Identify genetic clusters

We recommend that you use ReporTree to identify genetic clusters based on the allelic profiles (contained in the results_alleles.tsv output file) determined by chewBBACA. ReporTree includes functionalities to identify genetic clusters at any distance threshold level(s), obtain summary reports with relevant statistics computed based on sample metadata, identify regions of cluster stability, etc. Cluster nomenclature can be maintained and updated in subsequent analyses, which is especially useful in surveillance-oriented workflows. Check the publication and the GitHub repository to know more about ReporTree.

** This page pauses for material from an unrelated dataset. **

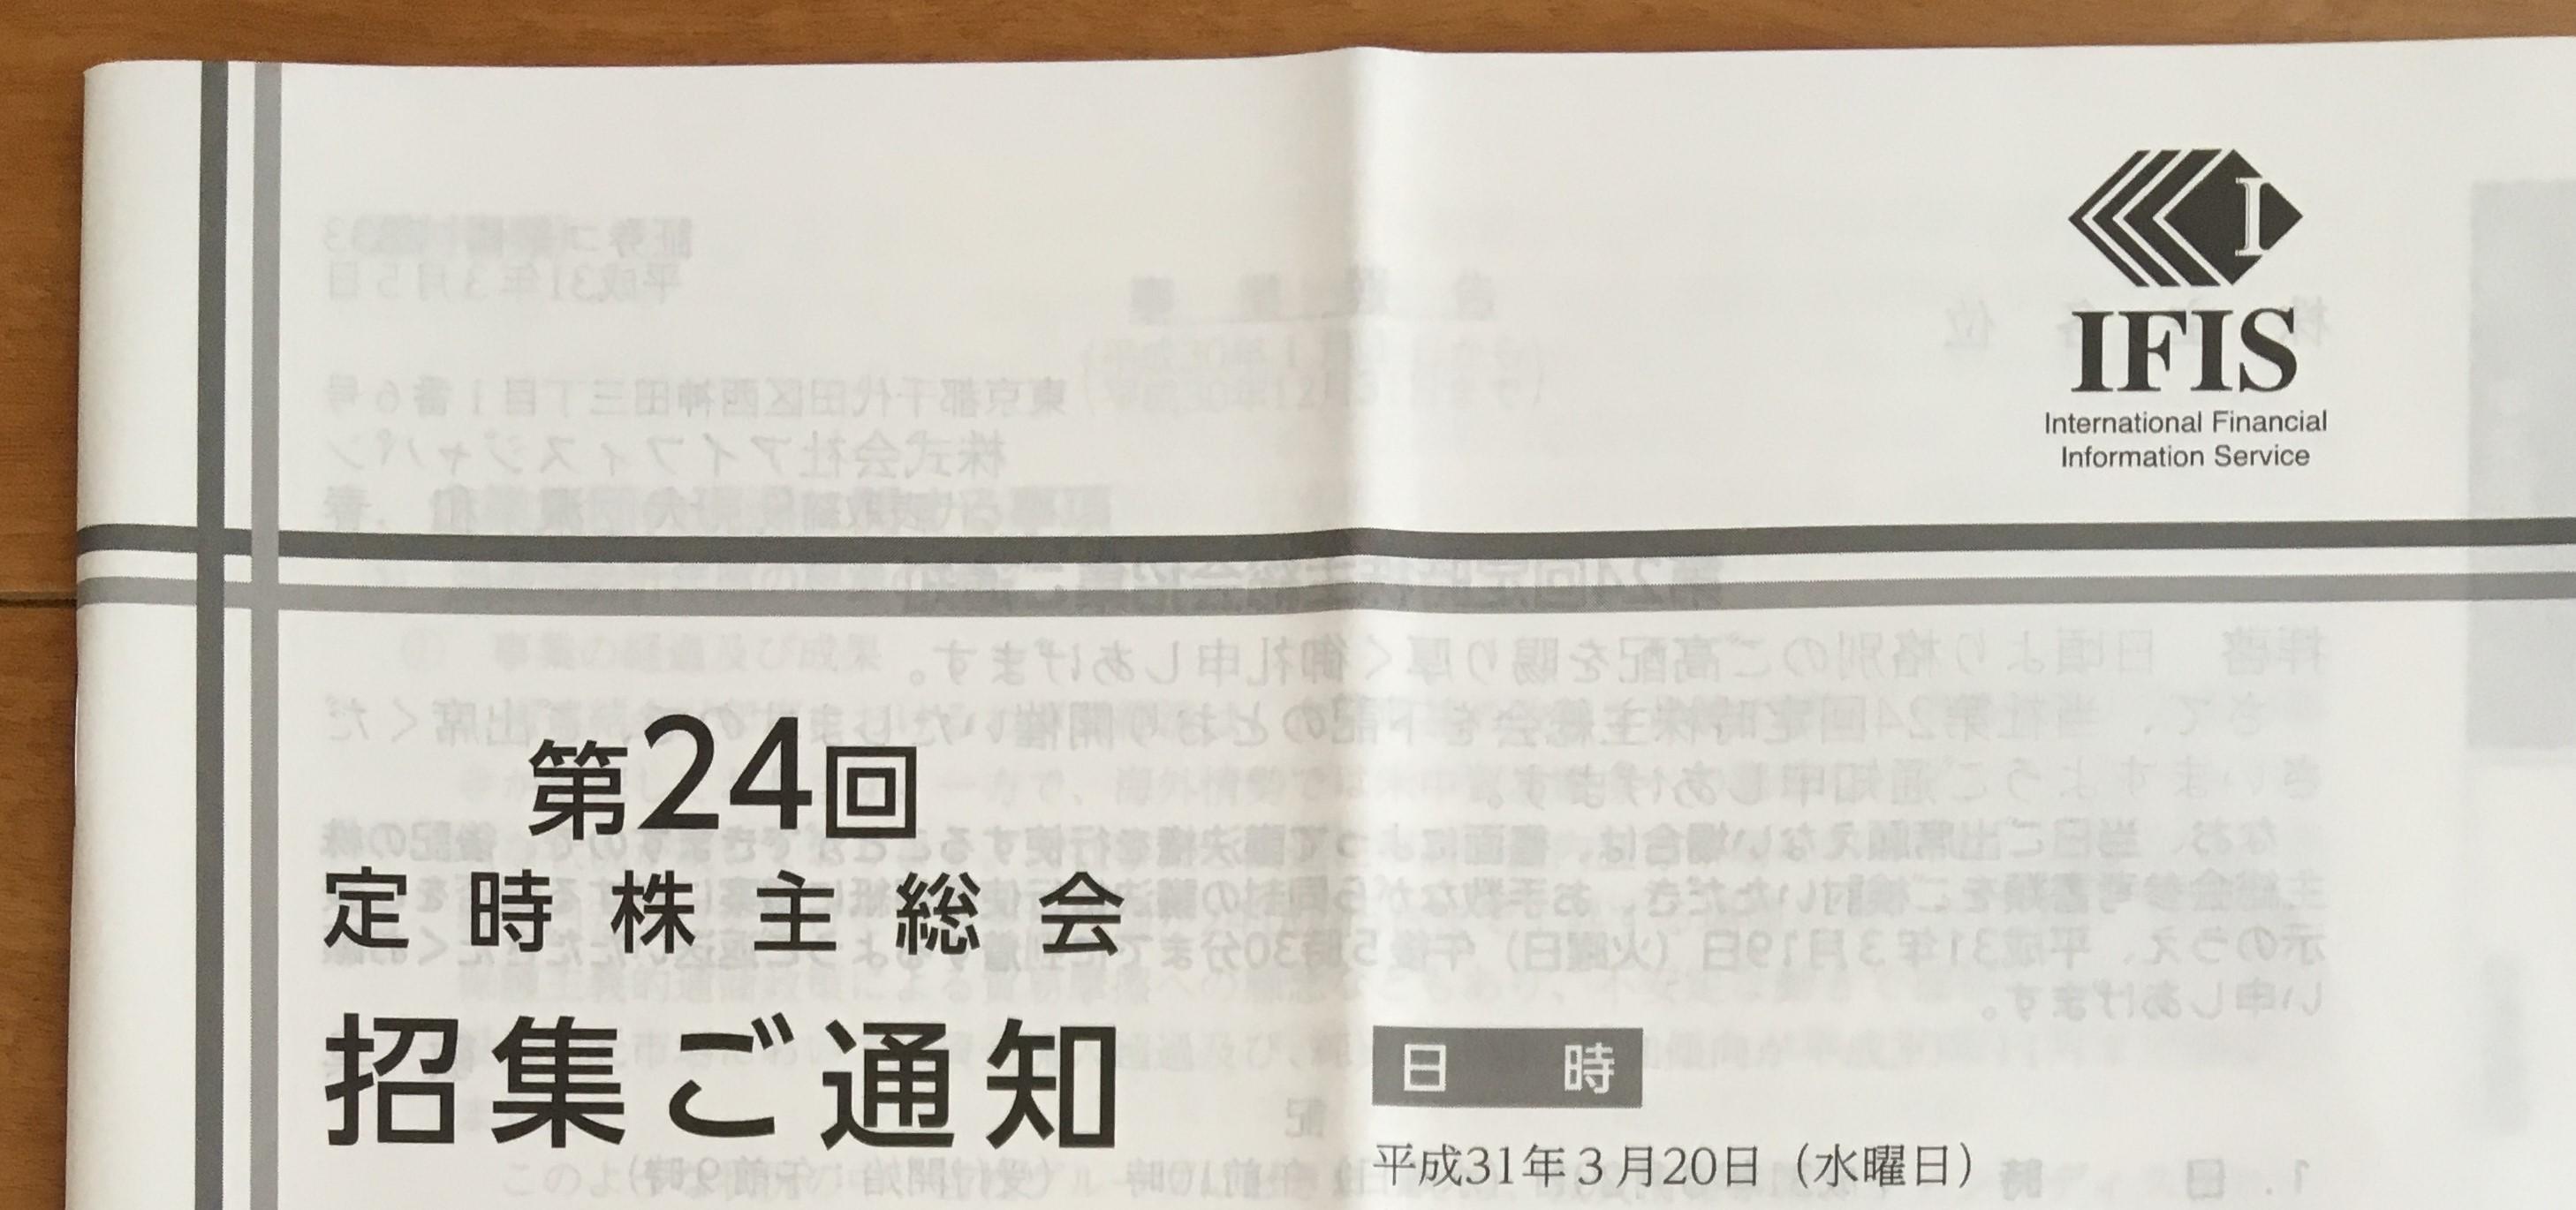 アイフィスジャパンの株価は割安か?
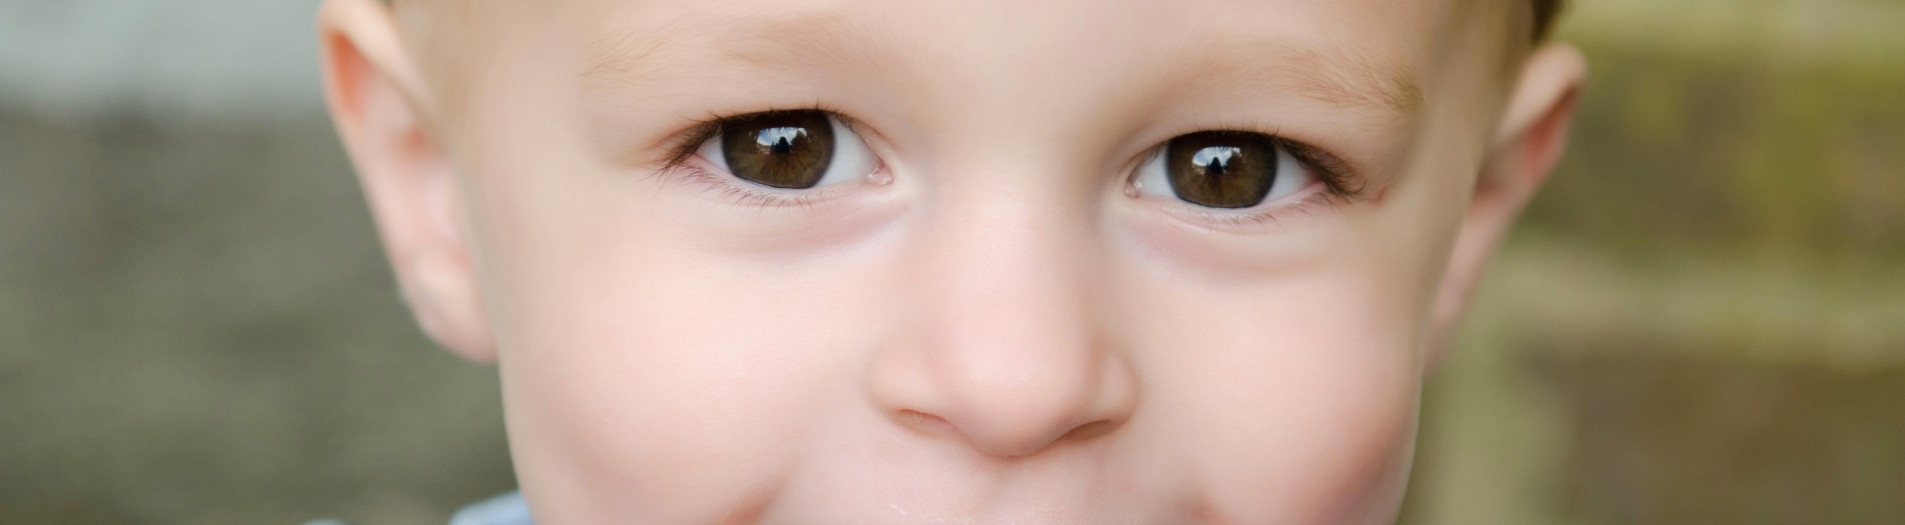 Child Photography | Middletown, DE | Wilmington, DE | The K Family

Concurrent allele calling

In its default mode, mode 4, and in the execution modes 2 and 3, the AlleleCall module updates the schema with the novel alleles inferred during the allele calling. This is incompatible with concurrent access to the same schema. If you run chewBBACA in an environment with multiple processes/users accessing the same schema, please use the --no-inferred parameter. By providing this parameter, chewBBACA will still identify novel alleles but will not update the schema files with the information about those novel alleles. When you create a new schema, adapt an external schema or download a schema from Chewie-NS, you must perform a single allele calling before using the schema for concurrent allele calling. You can use a single genome assembly; it’s only essential to generate the pre-computed data that chewBBACA uses to speed up the allele calling. After that, multiple users can concurrently perform allele calling based on the same schema if they pass the --no-inferred parameter. chewBBACA will still identify novel alleles and include them in the final results, but those alleles will not be added to the schema, and the pre-computed files will not be updated. If you ever want to add new alleles to the schema, you’ll have to perform allele calling without the --no-inferred parameter and ensure that there’s only one process working with the schema while it is updated.

Warning

The schema will most likely become corrupted and unusable if you attempt to run multiple concurrent processes with the same schema without providing the --no-inferred parameter.